Mikhail: The thing that I remember most about the first cut and sew line is when we introduced it at Magic, which was only a couple of months before we released it. Nobody expected it. We had already been working on it for a while, and we saw other brands like The Hundreds start their cut and sew line. 10.Deep had little bits of cut and sew for a while at that point, but then we rolled through Magic and we had this gigantic collection of everything from backpacks to jeans to jackets to buttondown shirts to this, that and the other, and most people walked in and were taken aback by it. Not necessarily by the designs, like, “You guys reinvented the wheel,” but more like, “Whoa, you guys are actually a real brand now.” That’s what basically cut and sew symbolizes in this world.
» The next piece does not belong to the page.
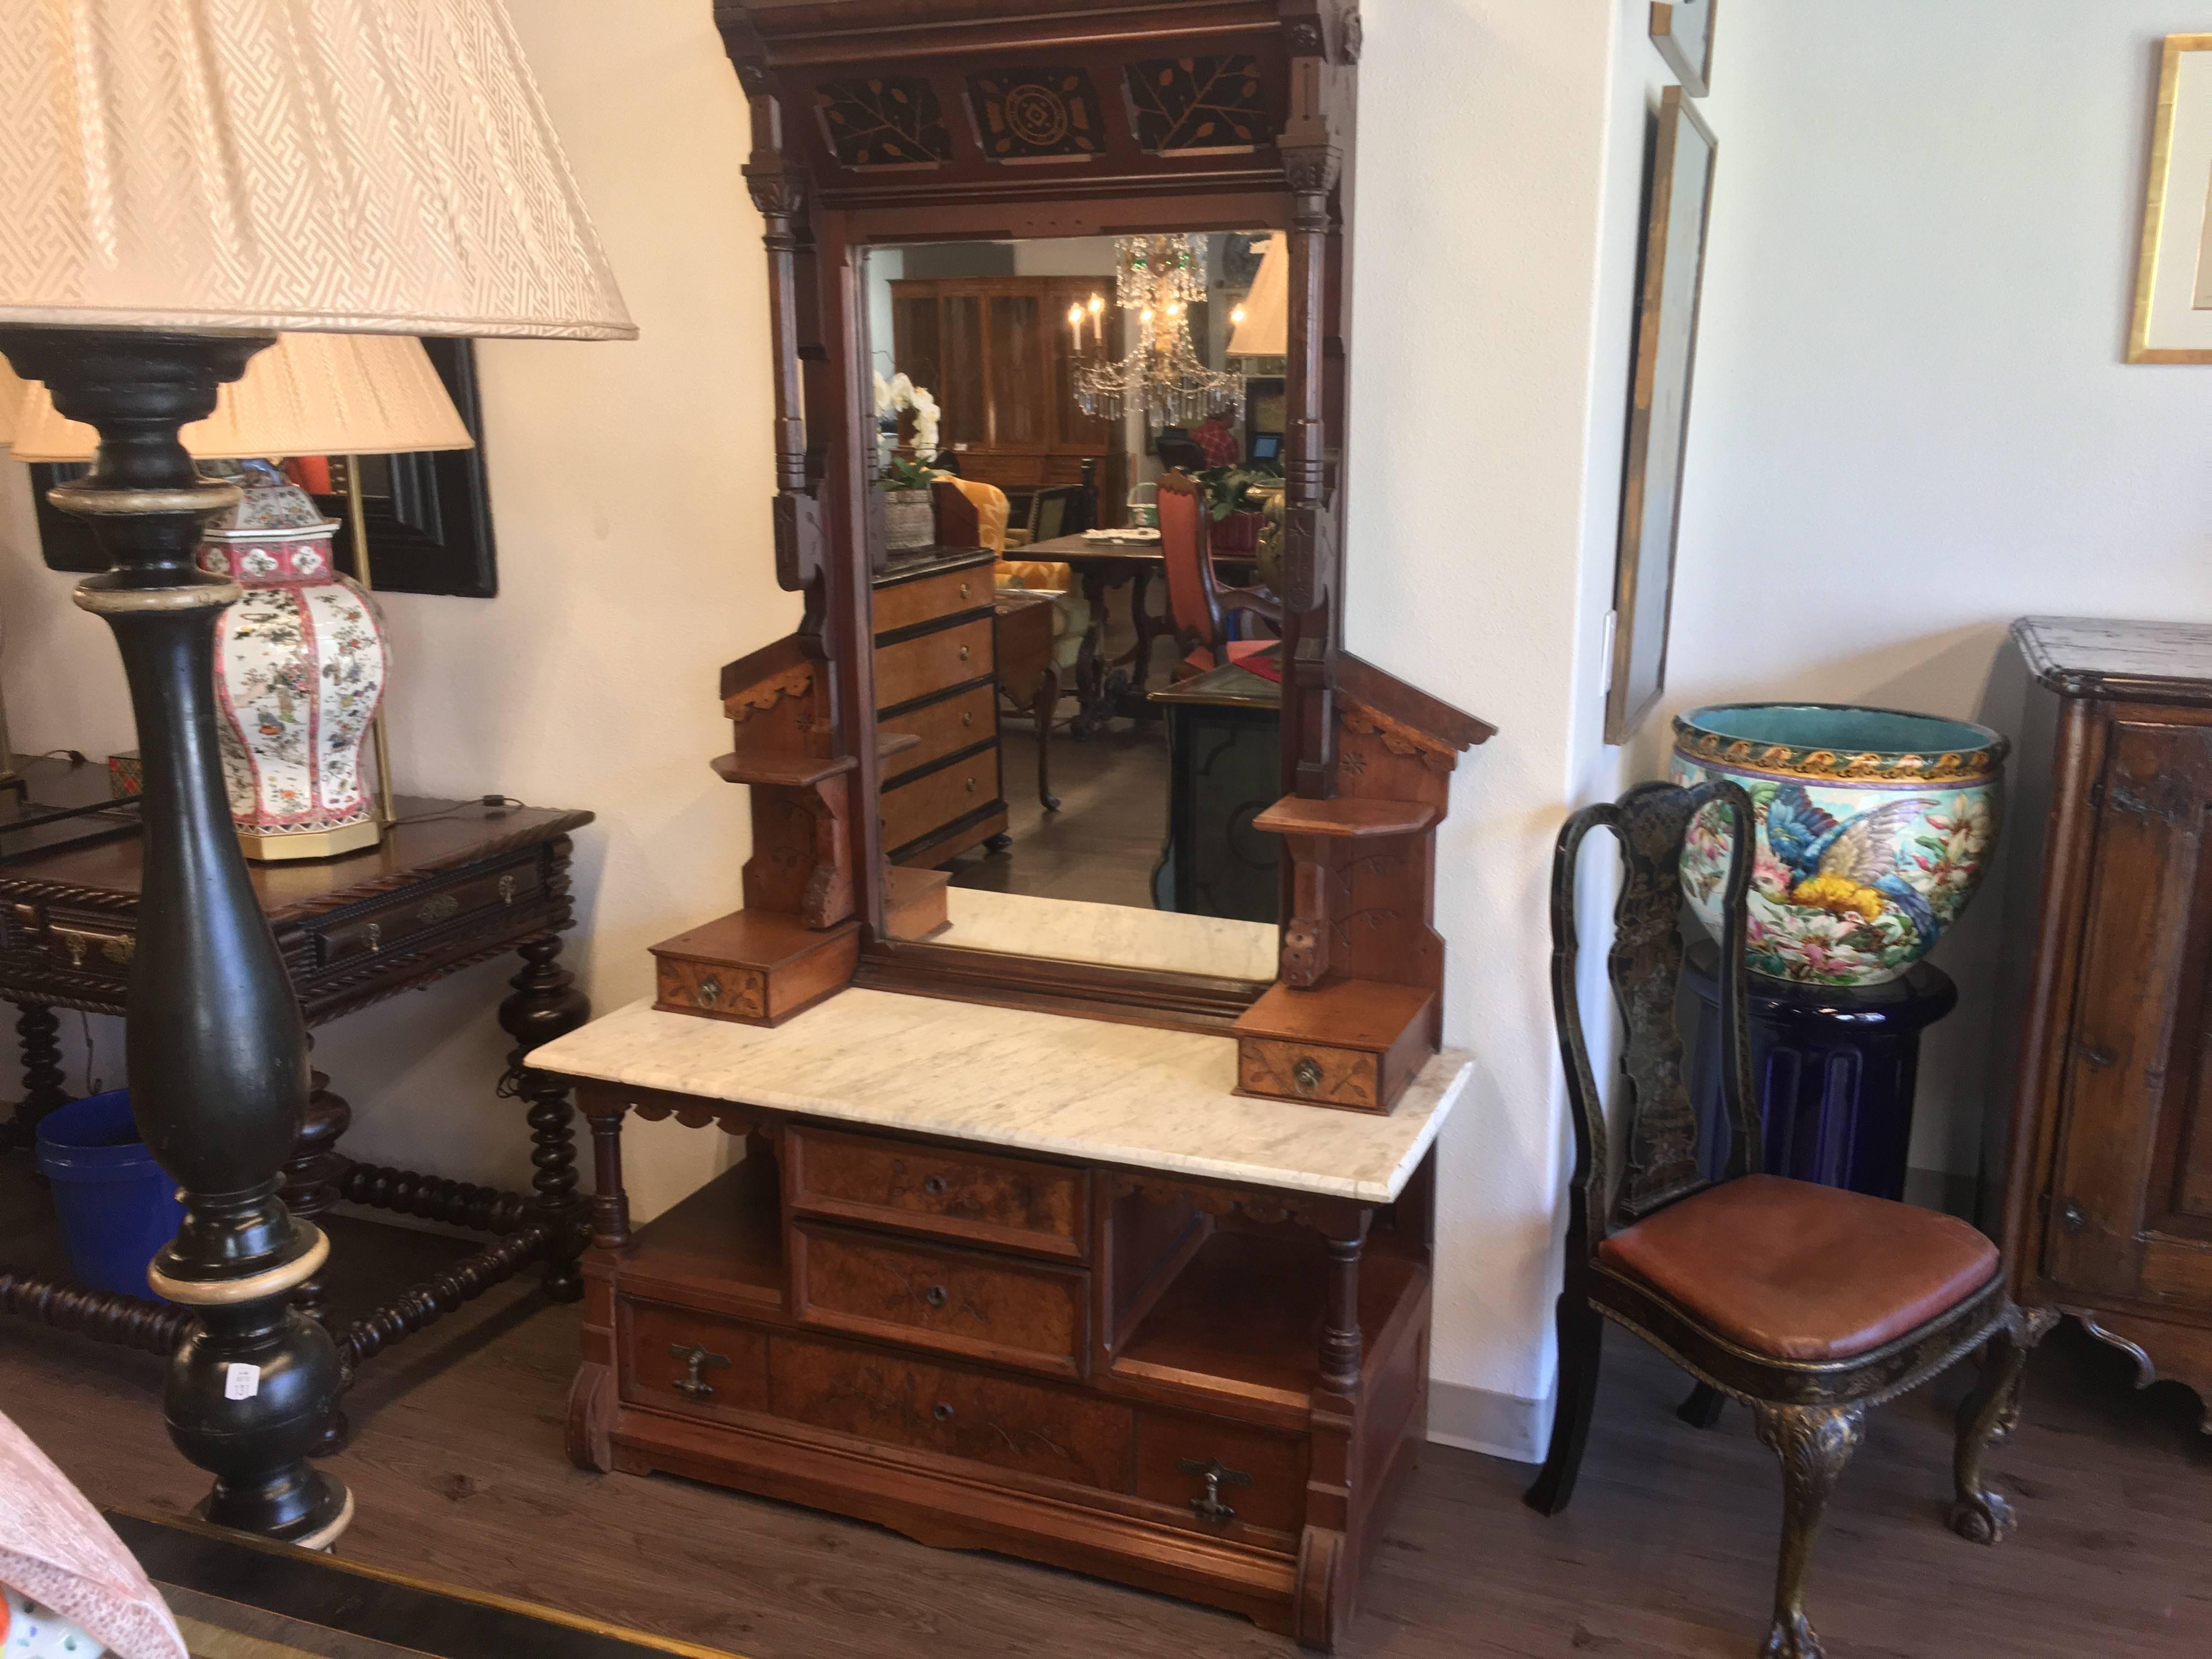 Late 19th century hand-carved walnut and rosewood Victorian Aesthetic Movement gentleman's dressing mirror with bianco venatino marble top. This piece stylishly epitomizes the transitional mid-19th century Eastlake sensibility to the more simpler,

Greg: The intro to the cut and sew line directly stemmed from Japan. We had done some sweaters and some little pieces here and there, but when we linked up with our Japanese distributor, part of the agreement was that we needed cut and sew. We needed more than hats and shirts. We needed a full collection, so the company that linked us with the distributor also linked us with production in China. We started producing a full range to offer, essentially for Japan, but the concept was different than a lot of other deals. Generally speaking, the kind of deal that most Japanese distributors would do is that they would produce the cut and sew collections in Japan, and then pay the brand a royalty. We had a different situation.

Mikhail: It used to be that you were basically licensing your brand out to the Japanese to create a cut and sew collection that they kind of controlled. You would import back in and it would be super expensive.

Greg: That was just sort of what was going on with the streetwear scene, at least with a lot of the brands that we were friends with.

Mikhail: This deal was more like, “We’ll help you do it and sell it, but you guys are doing it.” It’s funny because when we look back it at now, it was kind of like being a kid in a candy store. They let us do whatever we wanted without guidance when we really needed somebody to tap us on the shoulder and say, “You really shouldn’t do that because there’s no way you’re going to be able to sell that.” [Laughs] It was a huge learning process.